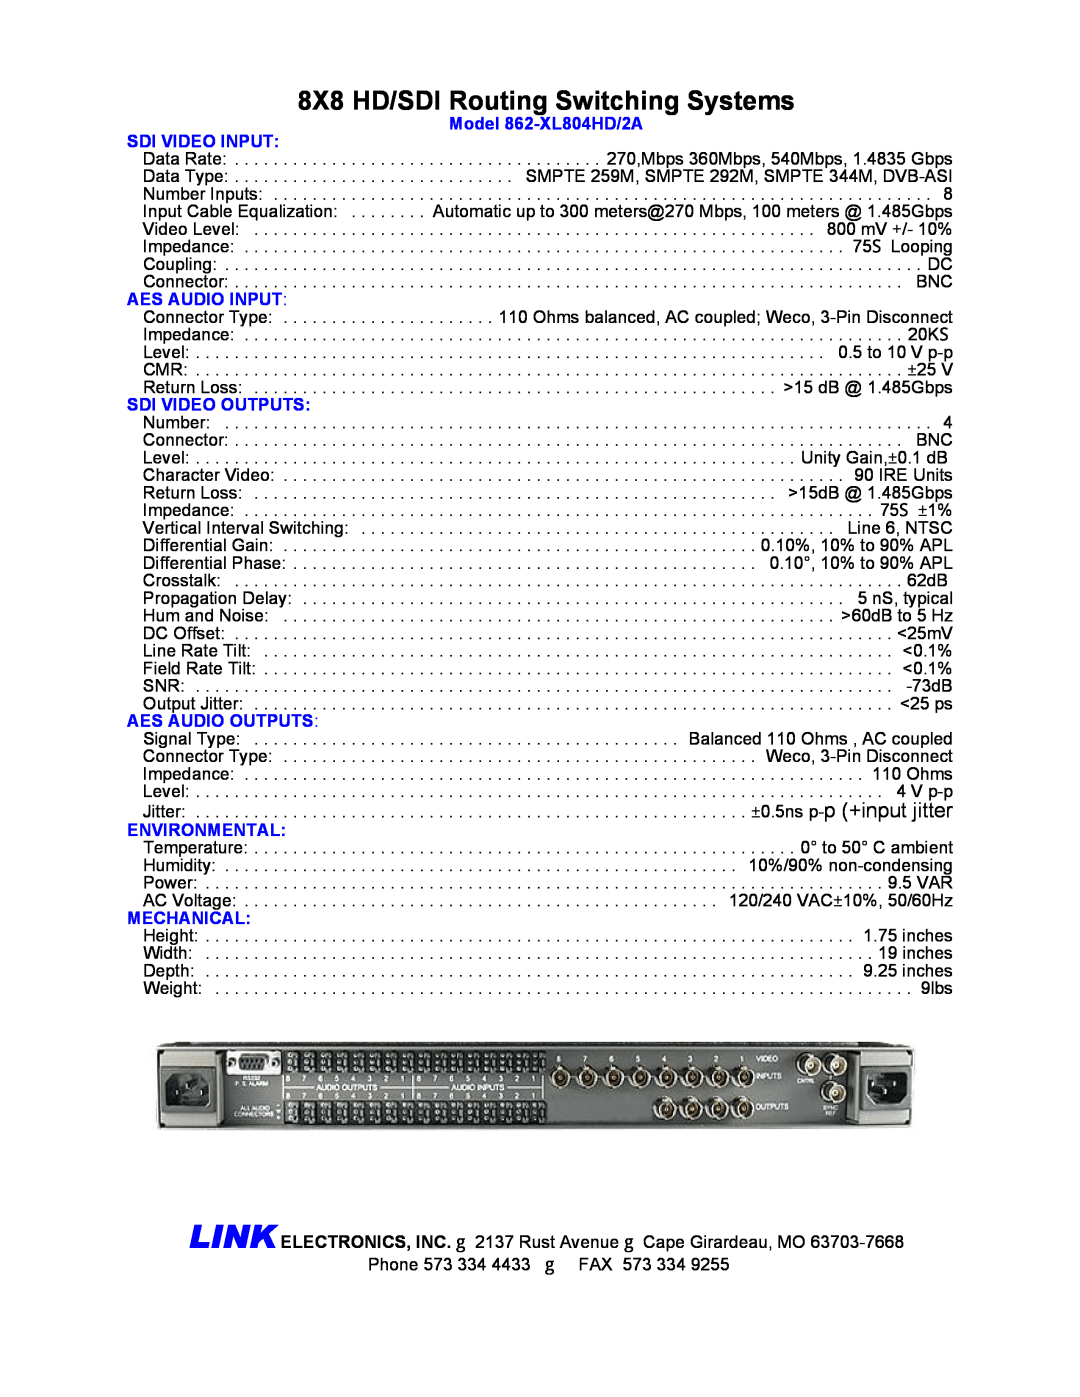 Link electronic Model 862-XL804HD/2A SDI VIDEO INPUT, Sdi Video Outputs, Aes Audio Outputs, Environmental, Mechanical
⁂
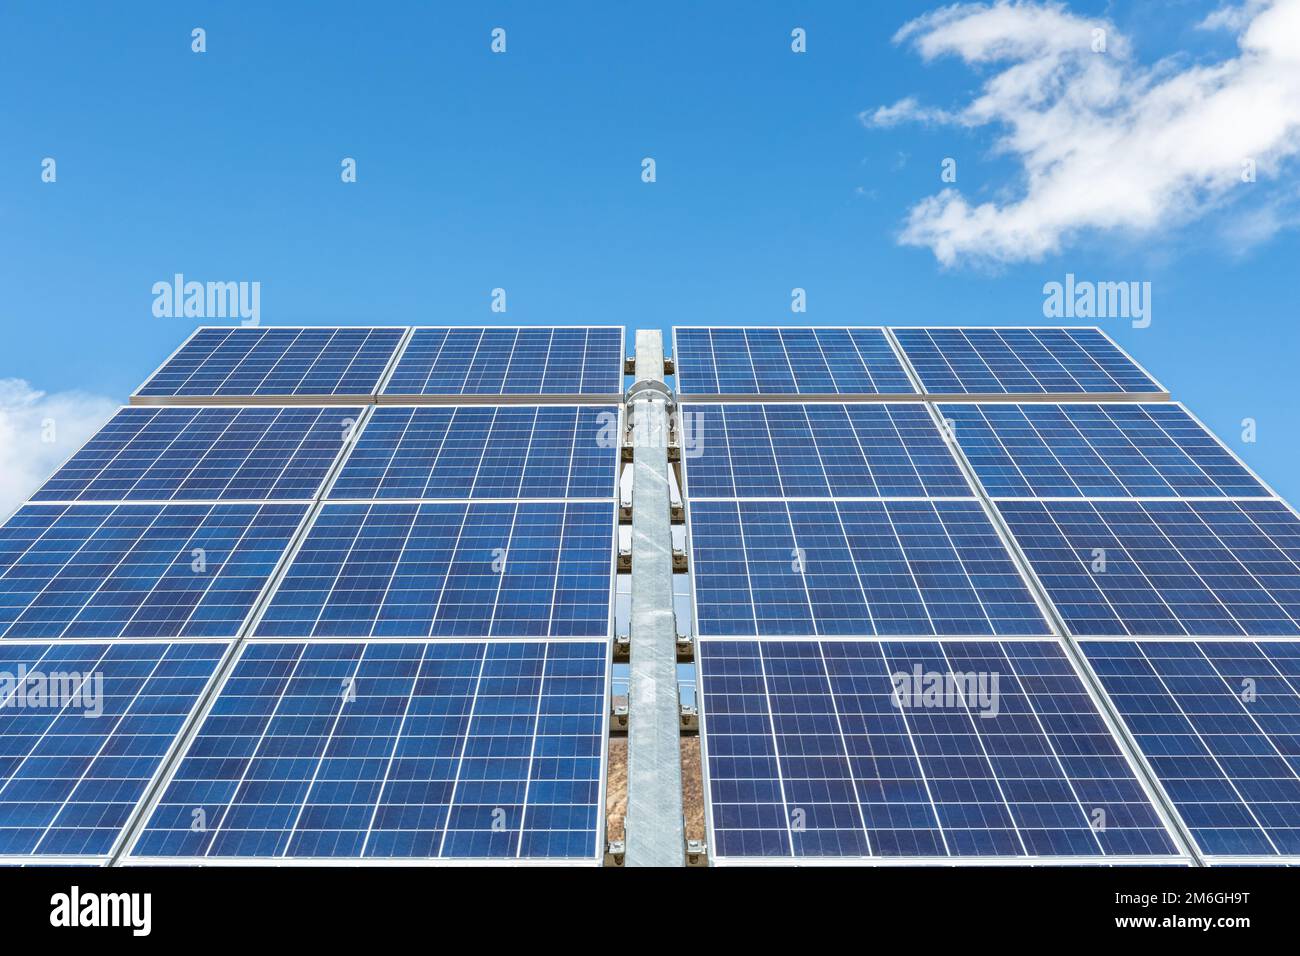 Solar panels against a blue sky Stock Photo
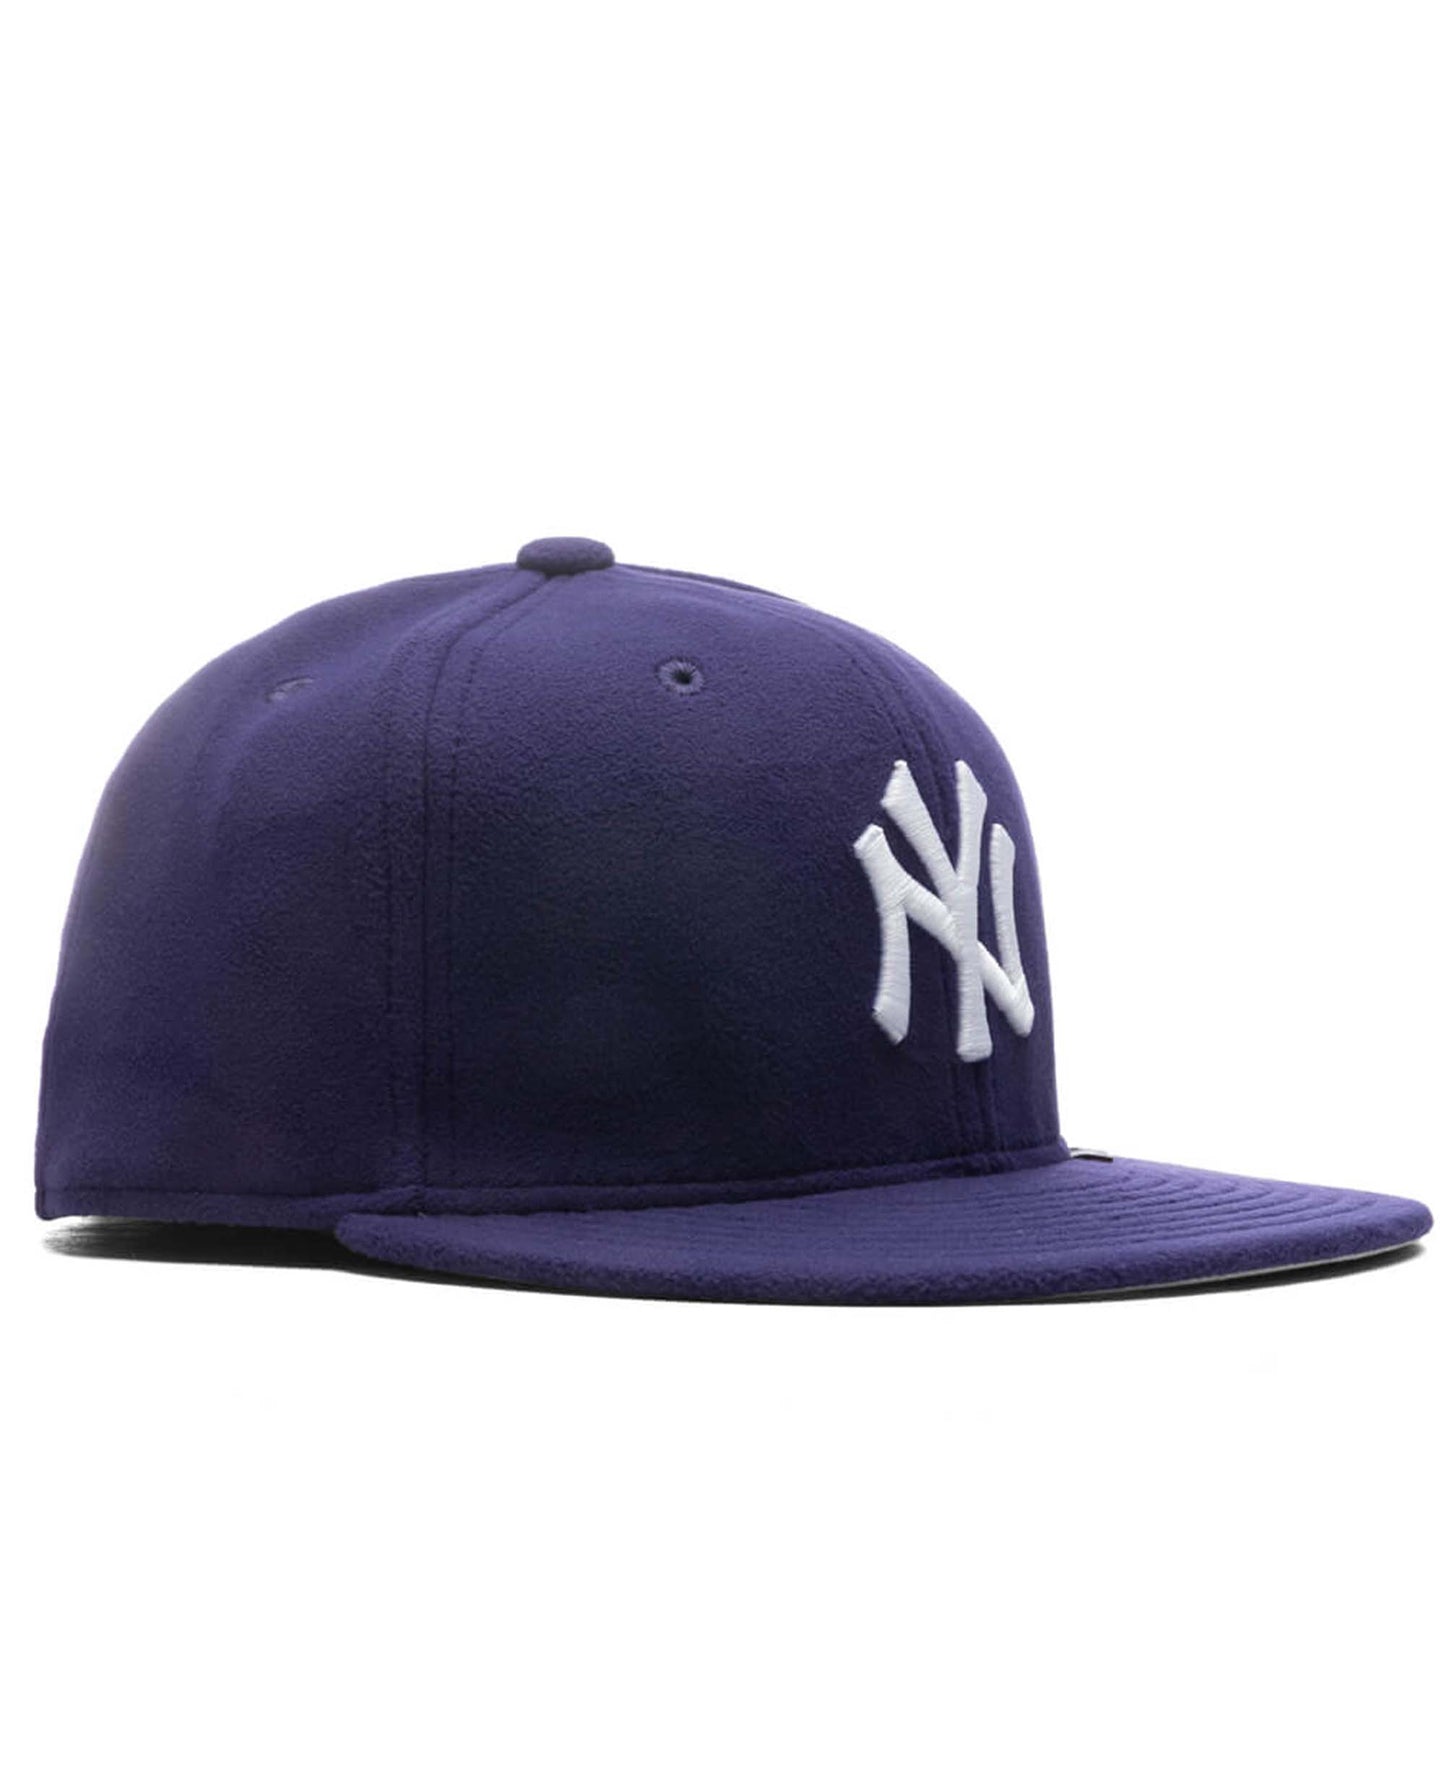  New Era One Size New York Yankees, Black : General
⁂
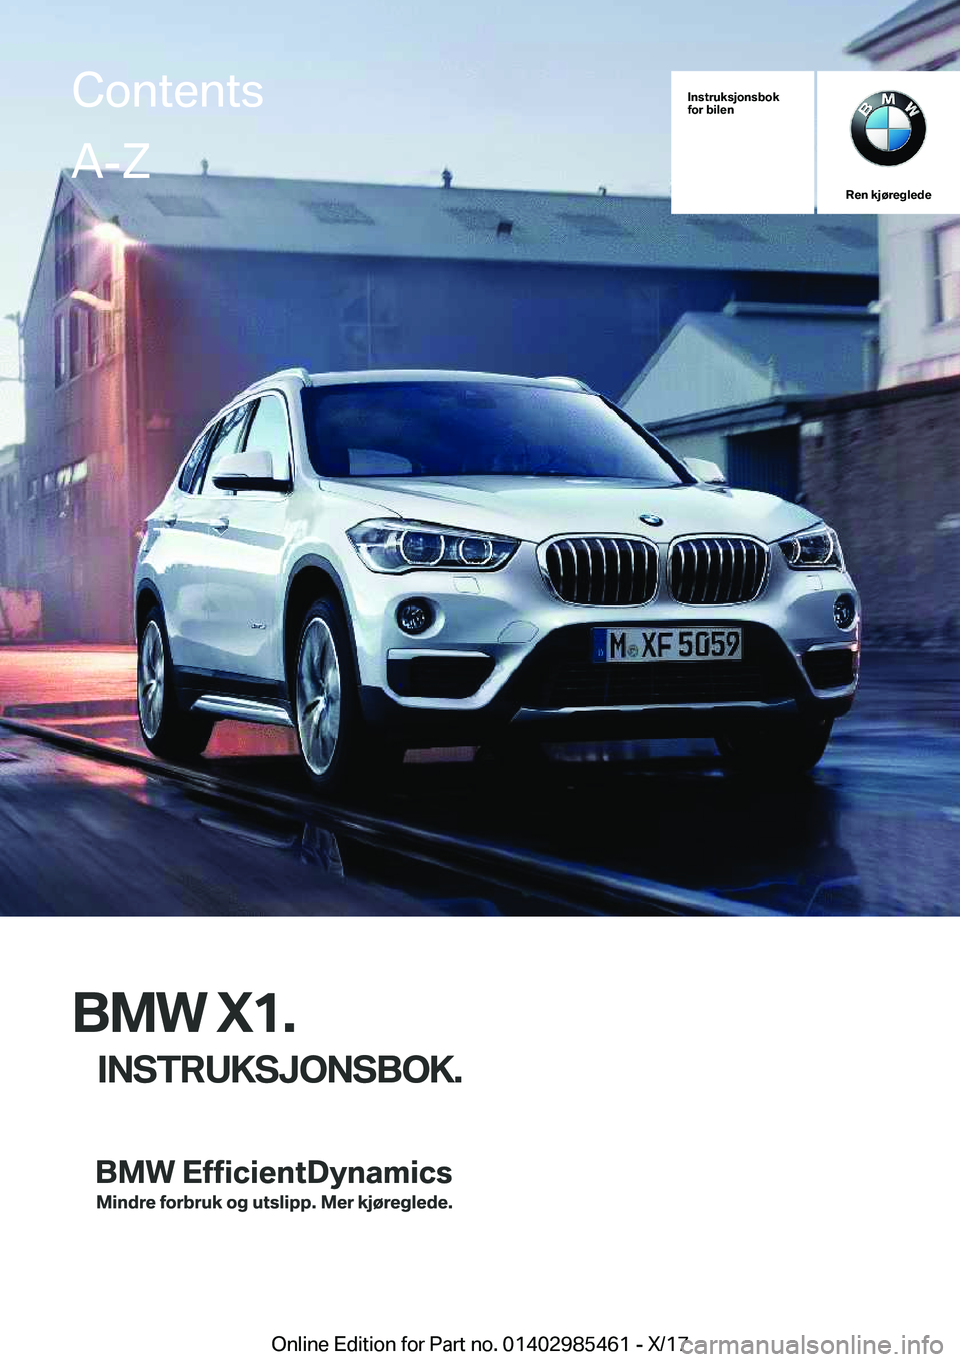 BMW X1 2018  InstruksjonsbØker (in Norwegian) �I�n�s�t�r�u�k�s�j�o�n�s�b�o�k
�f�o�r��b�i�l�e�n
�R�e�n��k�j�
⁂
■ **What is being asked**: Copy the lines above exactly, starting at the one with "Solar panels against a blue sky Stock Photo" and ending at the one with "New Era One", both included. Leave out any pictures and add nothing else.

■ **Response**:
 Solar panels against a blue sky Stock Photo
  New Era One Size New York Yankees, Black : General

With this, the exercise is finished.